Written by Mr. WellCultured, Saturday, August 15th, 2009 in Fashion, The Style Guide

9Let’s face it, most of us have a few things we erroneously believe for one thing or another- whether we really believe Santa Claus exists or if we believe that we’re the next thing to Adonis in the bed. This applies to fashion as well- there are a surprising number of people who believe in largely antiquated/childish misconceptions of “fashion”, only to limit (or hurt) themselves in the long run. These are some of those misconceptions.

Misconception: T-Shirts are Awesome

The reality here is that the older you get, if you can, the less you should wear traditional t-shirts. Many fashion writers believe that graphic t-shirts are absolute no-nos- and I’m inclined to agree. As a general rule, try to avoid just wearing a plain t-shirt- and if you must, make sure it’s a v-neck. Wearing a plain colored crew neck t-shirt without layering or otherwise giving it something to do is rather bland, and it often detracts from an outfit (and makes you look childish).

Misconception: There are “Dress Clothes” and “Casual Clothes”
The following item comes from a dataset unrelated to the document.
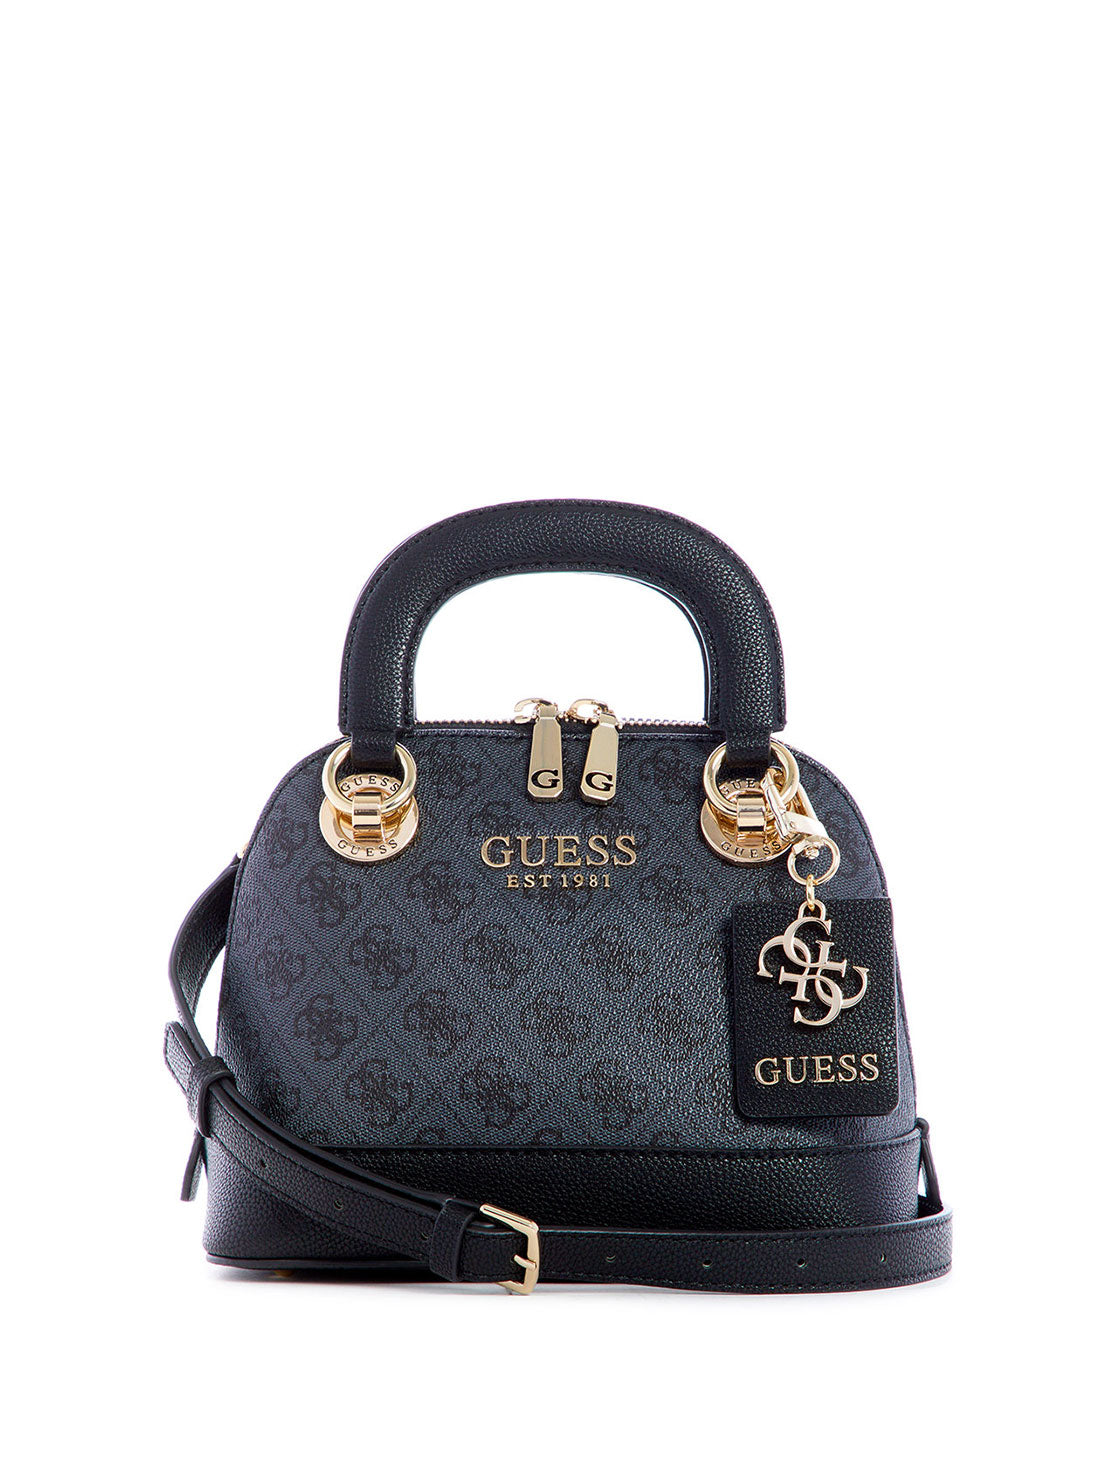 GUESS Womens Black Cathleen Small Dome Satchel SG773705 Front View

While there are exceptions to this rule, if your clothing isn’t doing double duty, you’re limiting yourself too much. Many guys have a bad habit of trying to buy clothes exclusively for “dressy” occasions and clothes for “casual” occasions- and it’s expensive, excessive, and generally boring. Some of the traditional basics, such as khaki trousers, crisp white button-downs, belts, (some kinds of) dress shoes, and even some vests can all be worn both casually and formally- it all depends on the combination.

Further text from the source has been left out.